• Exercise: Transcribe the listing below in full, exactly, with no images.

• Raw data:
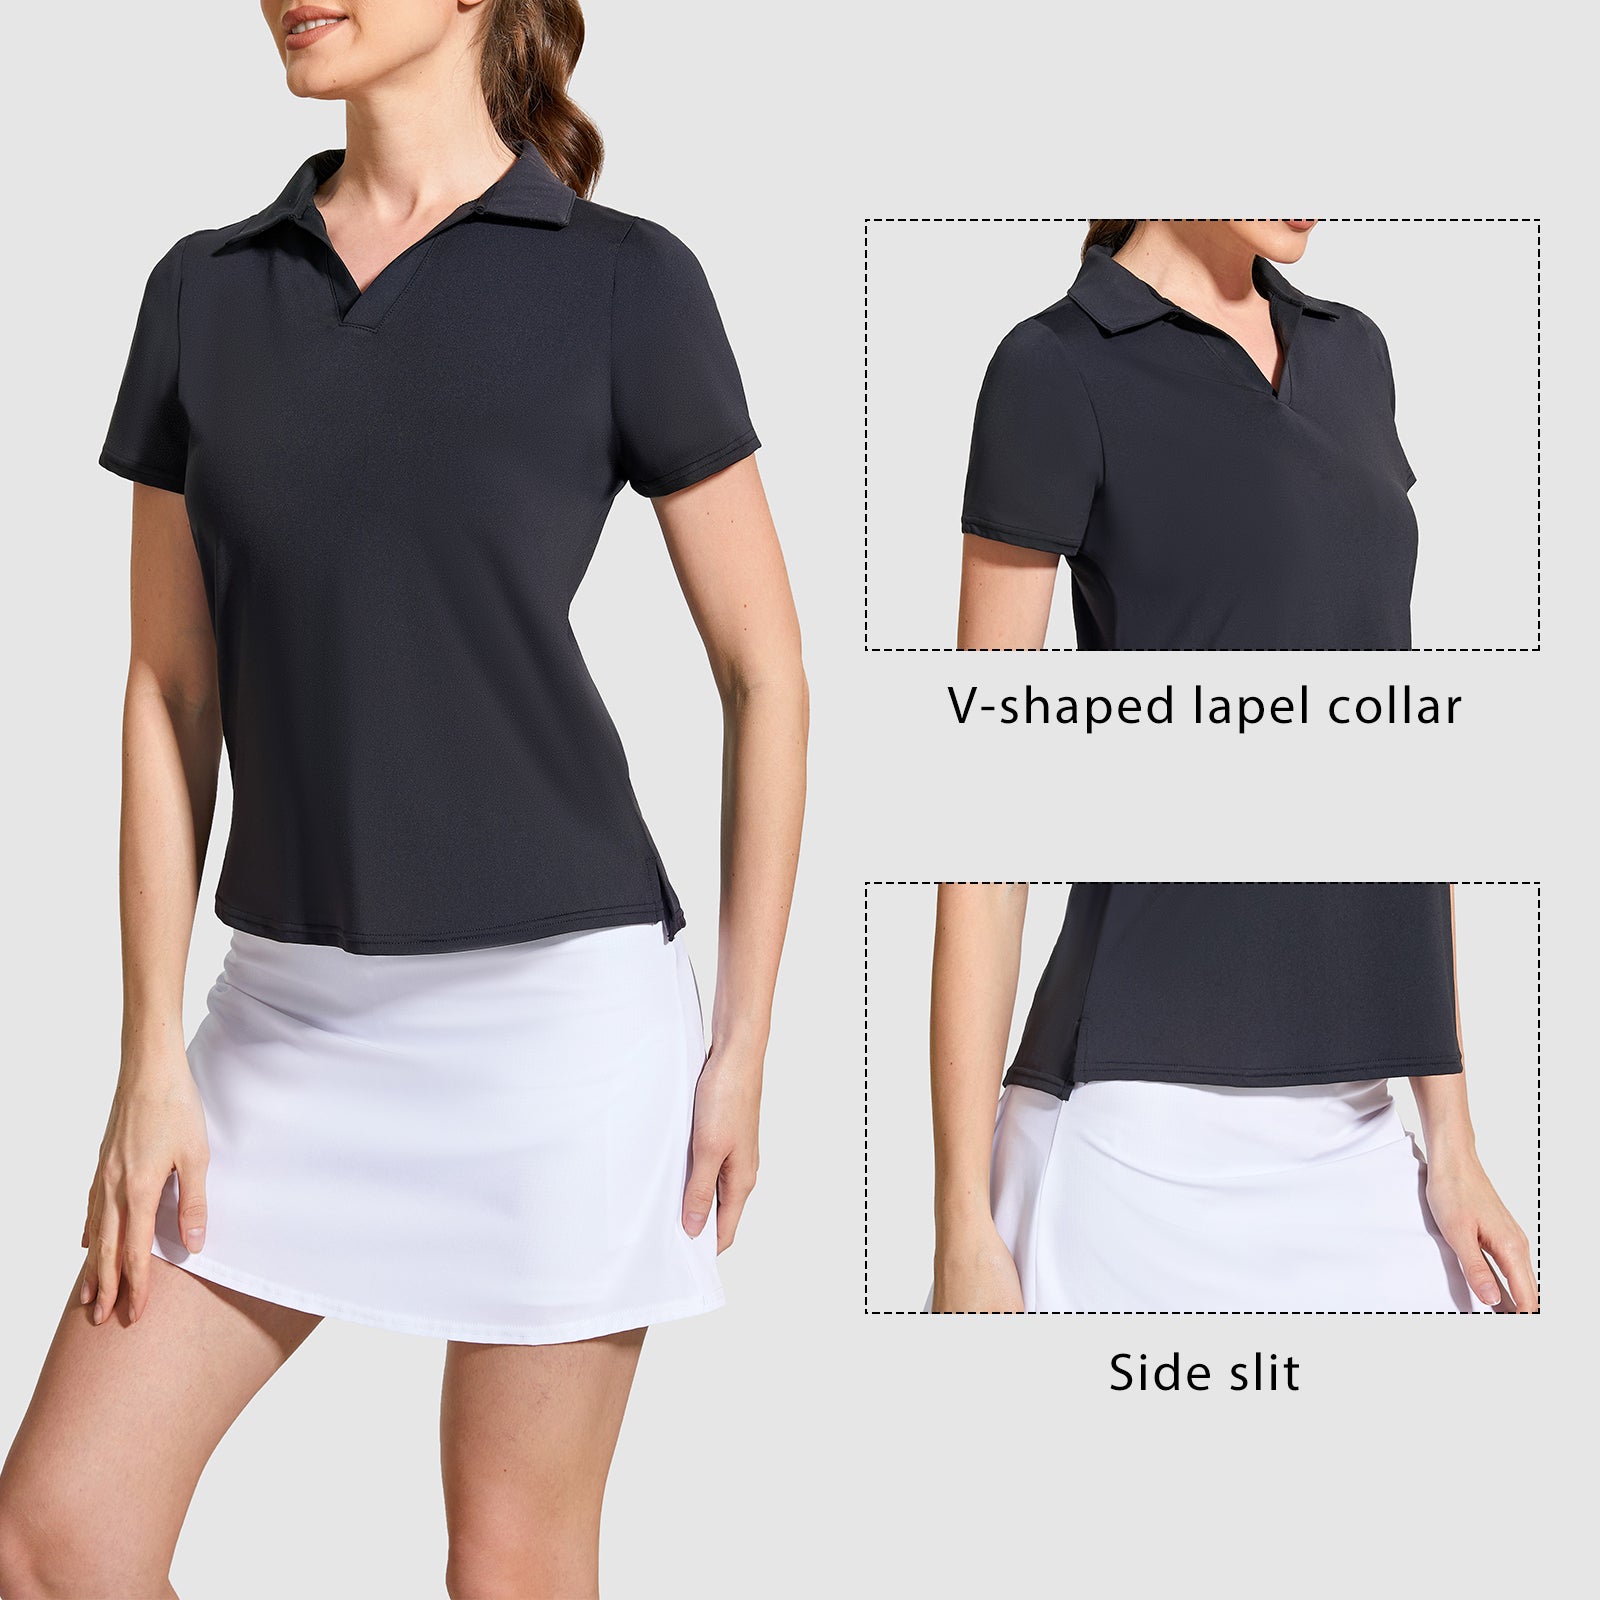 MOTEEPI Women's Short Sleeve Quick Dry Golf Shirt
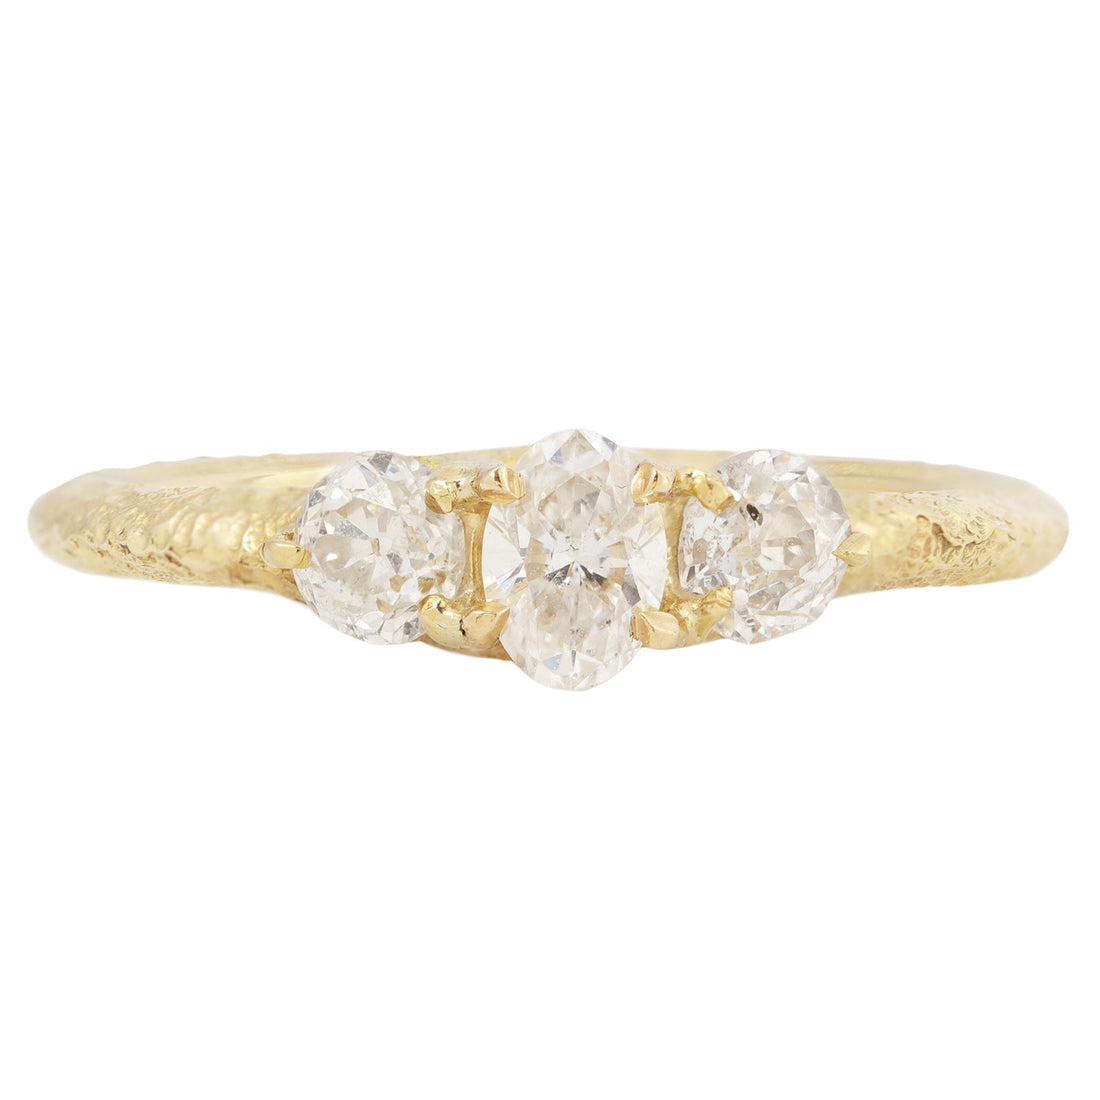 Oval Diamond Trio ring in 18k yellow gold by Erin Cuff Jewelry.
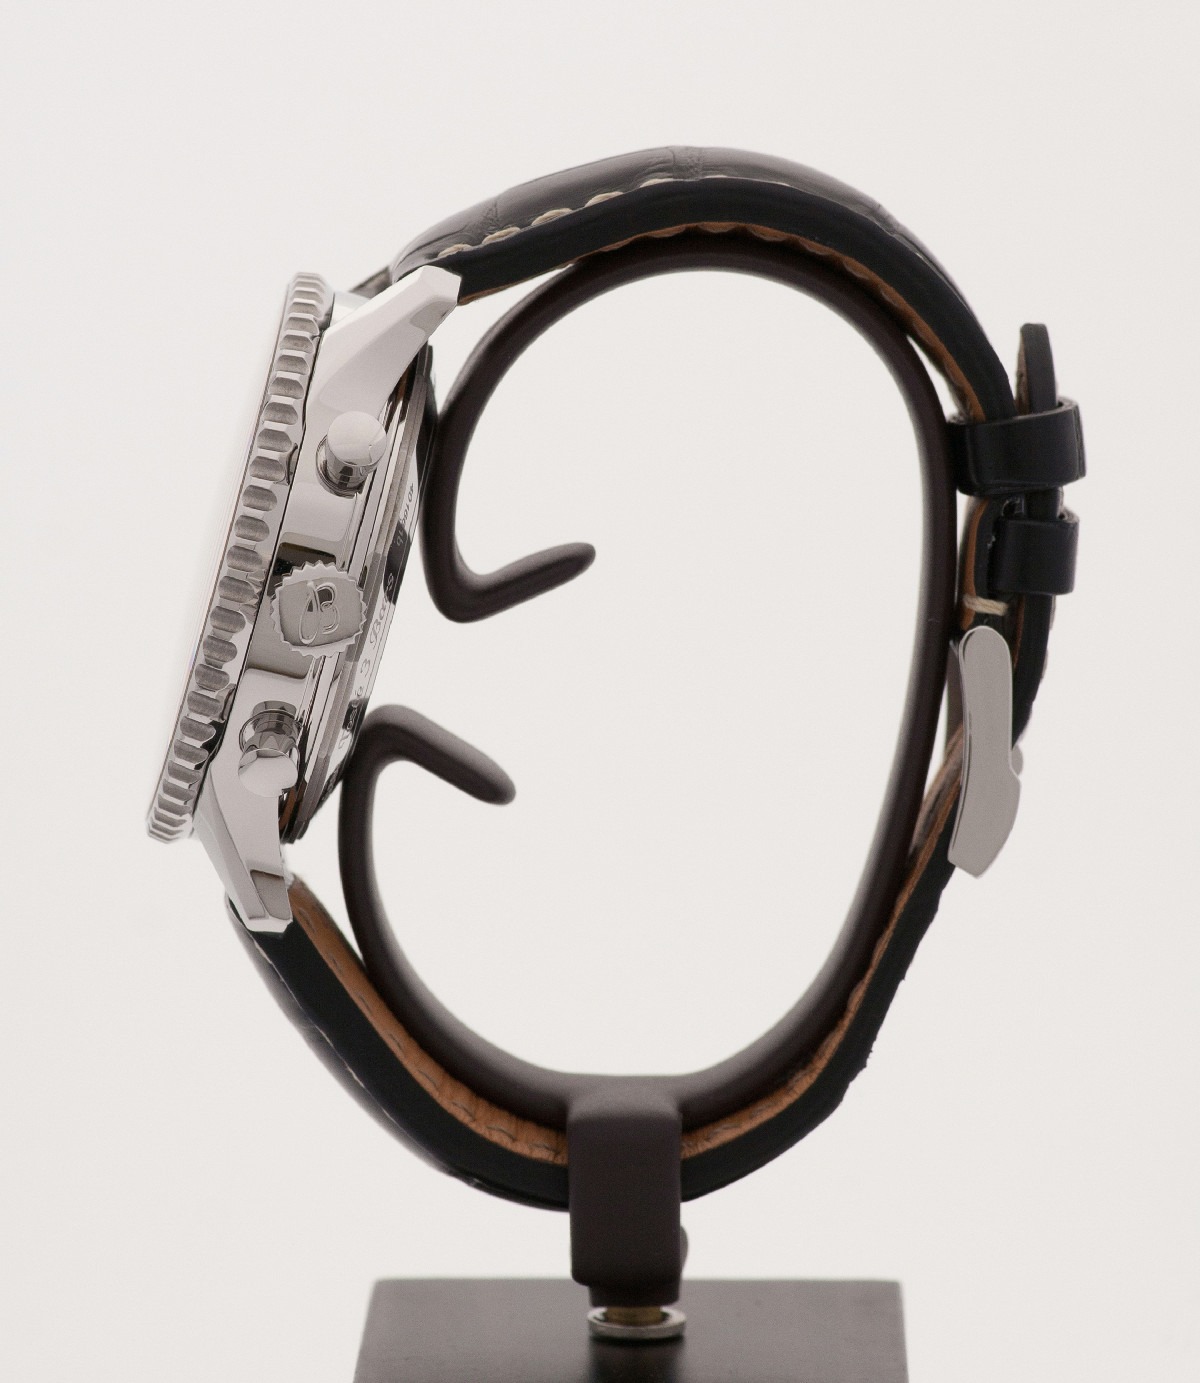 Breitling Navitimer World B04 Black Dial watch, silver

• Finished exercise:
 MOTEEPI Women's Short Sleeve Quick Dry Golf Shirt
 Oval Diamond Trio ring in 18k yellow gold by Erin Cuff Jewelry.
 Breitling Navitimer World B04 Black Dial watch, silver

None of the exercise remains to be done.